Vayashev 5779 Sermon: Hanukkah and Bullying
In our prayers celebrating Hanukkah, we say that “you delivered the mighty into the hands of the weak.” Hanukkah celebrates the victory of faith over might. Might doesn’t make right; in the long run, we win through faith, not by might.
This is true on a historical level-look at the collapse of Russian communism. It did not happen because of the cold war, because we built larger weapons. It happened because of economic pressures, and because democracy and freedom are right. At times, we do backslide, but ultimately “the arc of history tends toward justice.”
On an interpersonal level, too, we “win” not by vanquishing our foe, not by being more powerful, but by interacting with compassion and openness, and not always getting our way. There are people who always need to get their way, and will use every tool at their disposal to get it. They may force their will, but the other person is not happy, and ultimately it is a pyrrhic victory: they have won the battle but lost the war. By getting their way through force, they have already sown the seeds of their own undoing.
Bullying is very real. I believe the word is so overused now that kids don’t know what it means. Saying something mean online is not cyberbullying. Bullies are people who have power and enjoy using it. When I was a child, I was beaten up on the walk home by a group of children, for no reason other than to gratify their desire to be powerful.

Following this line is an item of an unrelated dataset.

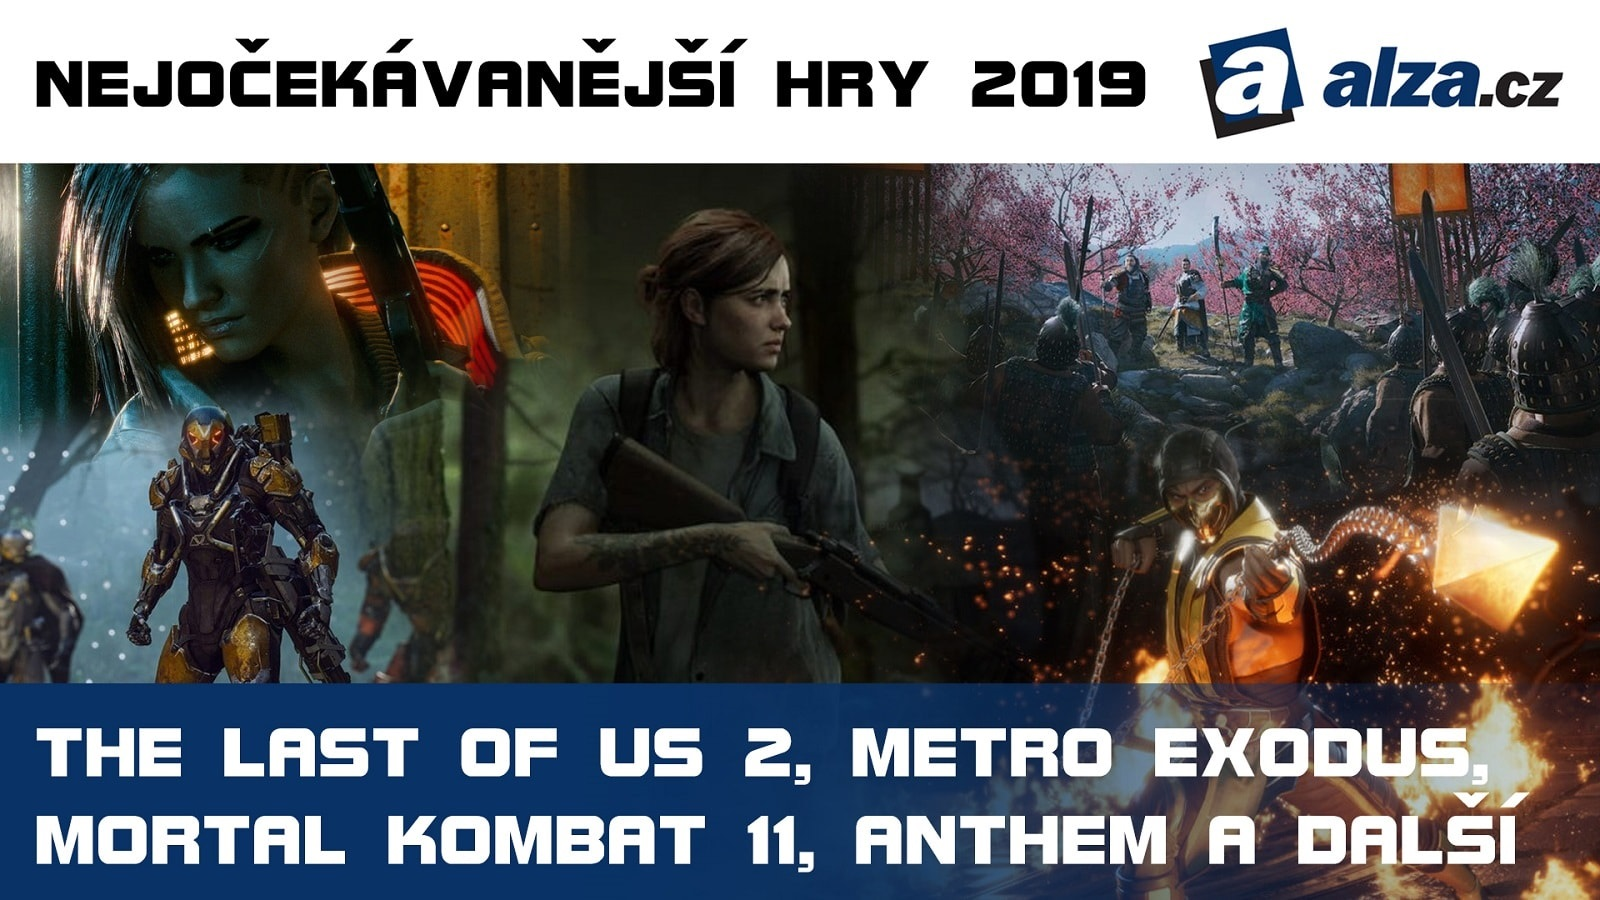 Nejočekávanější hry roku 2019: Cyberpunk 2077, The Last of Us Part 2, Metro Exodus

The Greeks were bullies. They had a lot of power: they used elephants to build was essentially a tank, unstoppable by foot soldiers. They had massive phalanxes, which were clouds of lances killing anything in their way.

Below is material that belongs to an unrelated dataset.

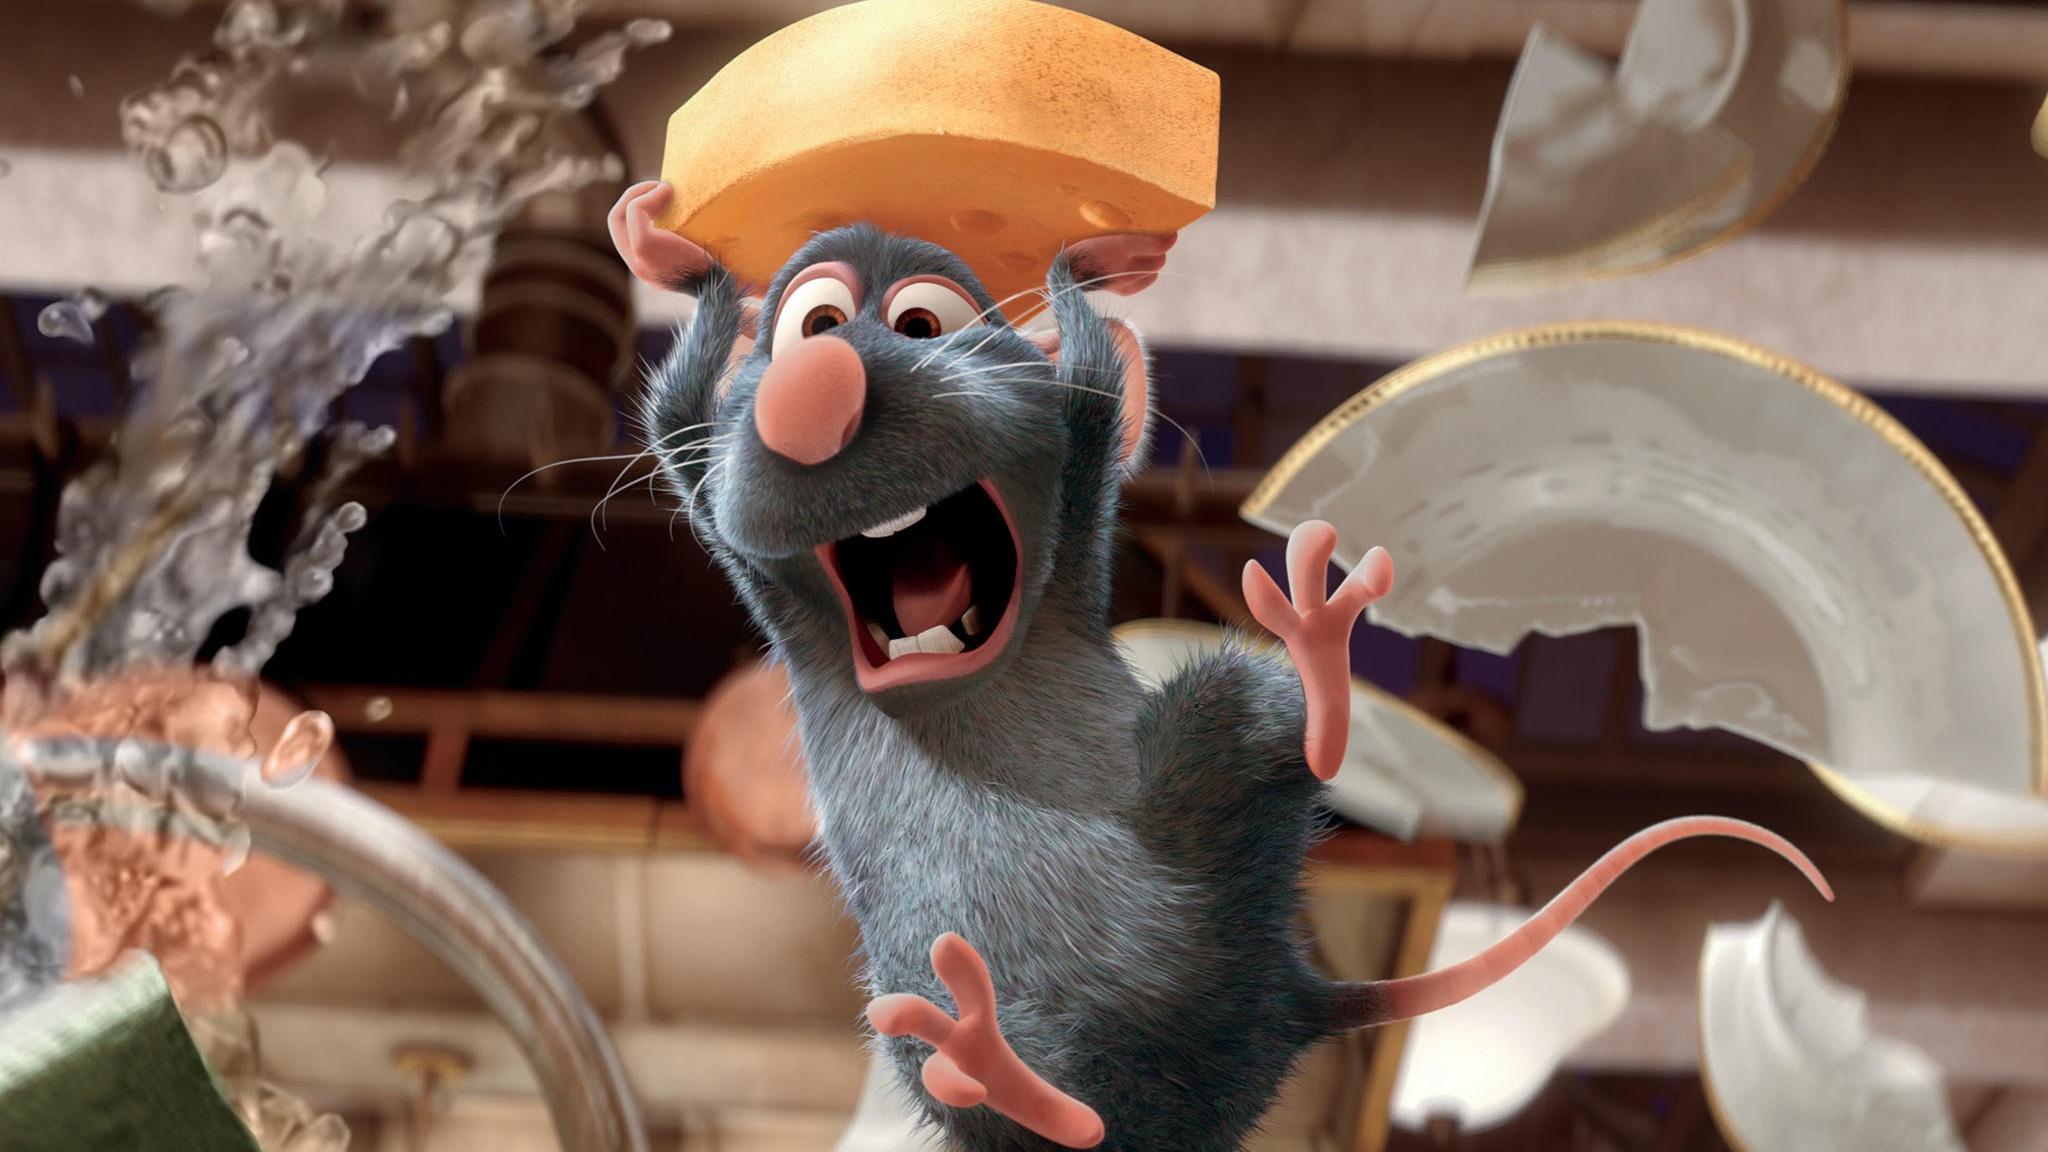 #5) Ratatouille - (2007 - dir. Brad Bird)

The Antiochus approach to relationships, which is basically bullying, is to try to use whatever tool I can to get my way. It is a game of mercy, bending the other person’s hand backward painfully until they give in. I can use threats, volume (yelling), insults. There’s no dynamic interchange of ideas, and ultimately, it kills the relationship: if the other person says yes, they only do so out of fear, but their heart wants to go the other way. We all do this at times; sometimes I do it with my own children. It is a challenge to do it differently.
American culture is built on this kind of relationship. As a father of small children, I watch a lot of Disney. Think about Sleeping Beauty: the prince defeats the evil witch by force. So many movies have the following dialogue, or some version:
“Ha ha ha”
“Oh no you don’t”
“I’ll get you next time”
We still teach our children that force solves problems; really, it only causes more problems.

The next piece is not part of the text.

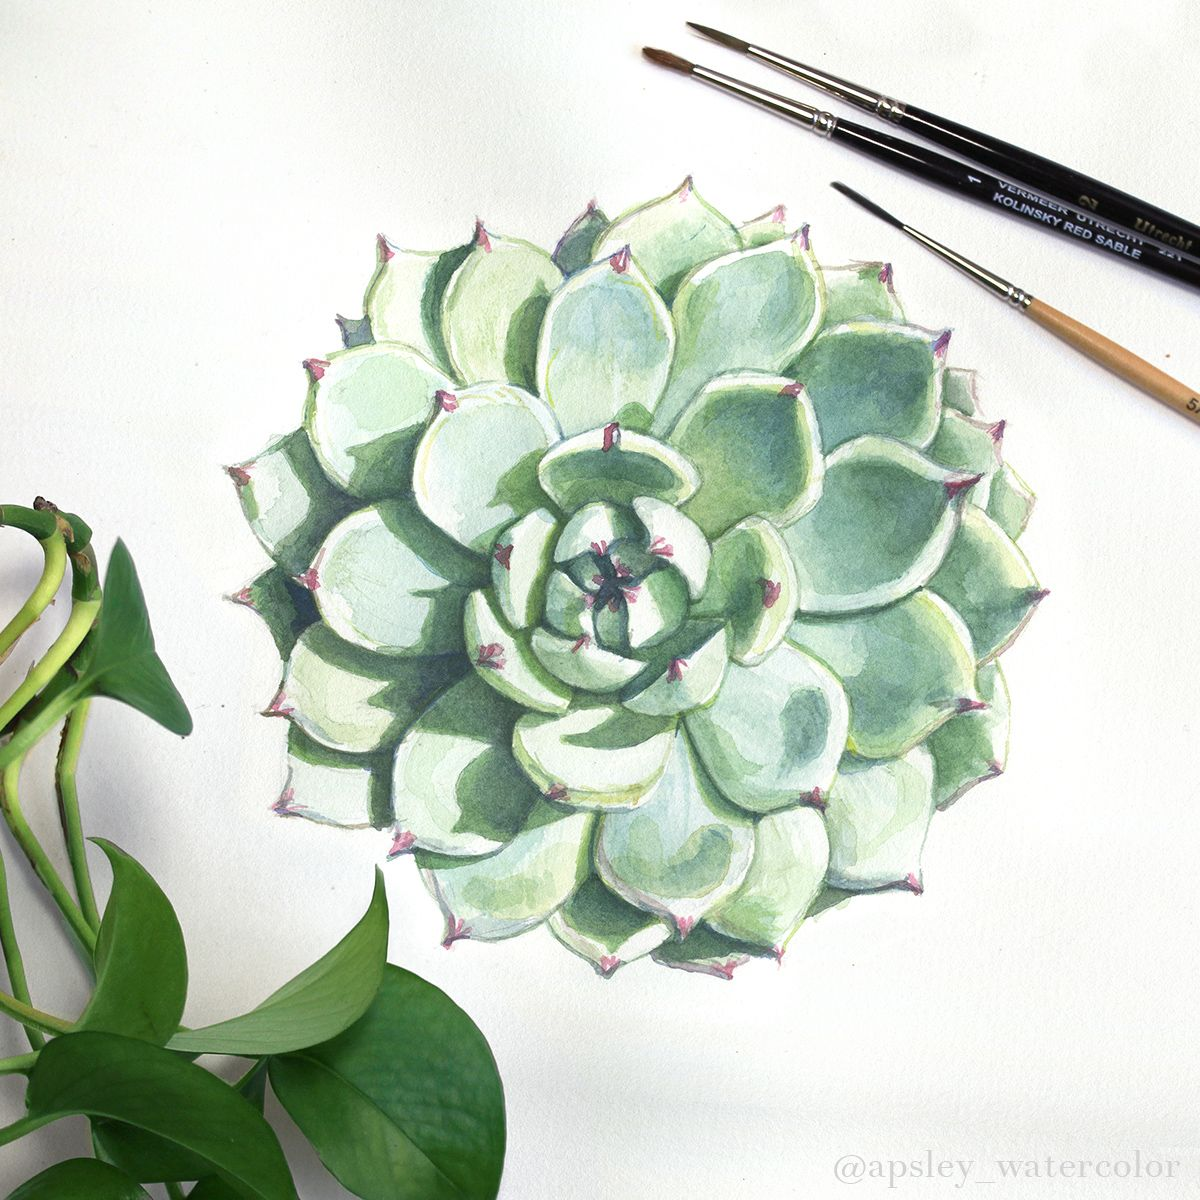 Aaronapsley Echeveria Colorata Watercolor Botanical

And we see these problems in our synagogue culture. So often, somebody wants something, and uses all sorts of power plays to try to get it. Imagine someone who wants to paint the shul pink: It’s Florida, so pink is appropriate, and it would make us stick out. They may yell at volunteers and staff, insult them, badmouth them, threaten to resign. These kinds of interactions, sadly, happen all the time. They are really forms of bullying. We need to find a different way.
The Jewish approach is very different. At the end of the Amida, we read a prayer that says “may my soul be as dust to all, and may I be silent to those who curse me.” Can I be non-reactive, absorb insults without needing to strike back? We are taught to be flexible, and that it is good to compromise even if we are right, for the sake of peace.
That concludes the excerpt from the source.